Samuel said, “It’s a fantastic story. And I’ve tried to follow and maybe I’ve missed somewhere. Why is this word so important?”
Lee’s hand shook as he filled the delicate cups. He drank his down in one gulp. “Don’t you see?” he cried. “The American Standard translation orders men to triumph over sin, and you can call sin ignorance. The King James translation makes a promise in ‘Thou shalt,’ meaning that men will surely triumph over sin. But the Hebrew word, the word timshel—‘Thou mayest’— that gives a choice. It might be the most important word in the world. That says the way is open. That throws it right back on a man. For if ‘Thou mayest’—it is also true that ‘Thou mayest not.’”
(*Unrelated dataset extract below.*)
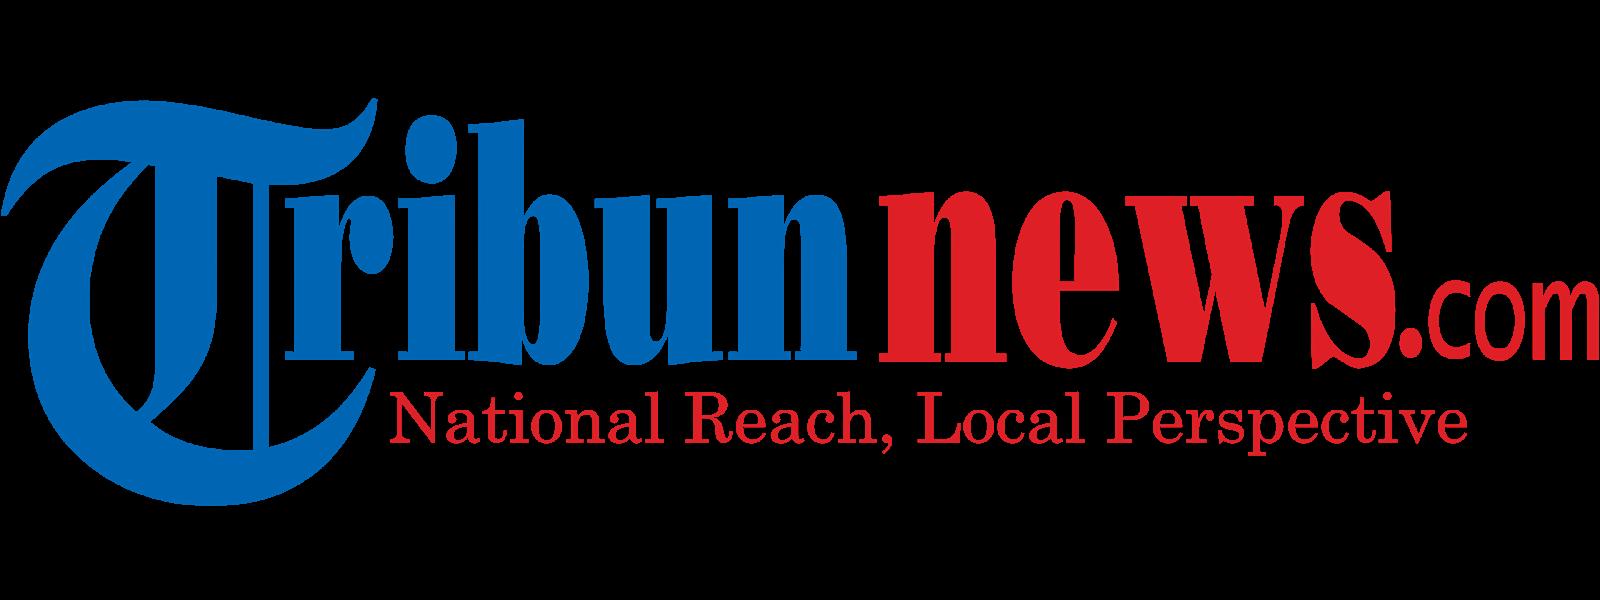 Tribunnes.com Logo

– John Steinbeck, East of Eden

East of Eden is my favorite book of all time, and I knew the moment I first read these three paragraphs that I had encountered something profound. I think the words “thou mayest” are emblematic of the balance of free will, equal parts all-encompassing possibility and personal morality, and that’s an emblem I don’t mind having on my body forever. 2012 was the year of no regrets, and getting my first tattoo hasn’t upset the year’s theme: I love my tattoo, and I’m glad I did it. Now, on to the next.

My tattoo was done by Chris at Liberty Tattoo in Seattle, Washington.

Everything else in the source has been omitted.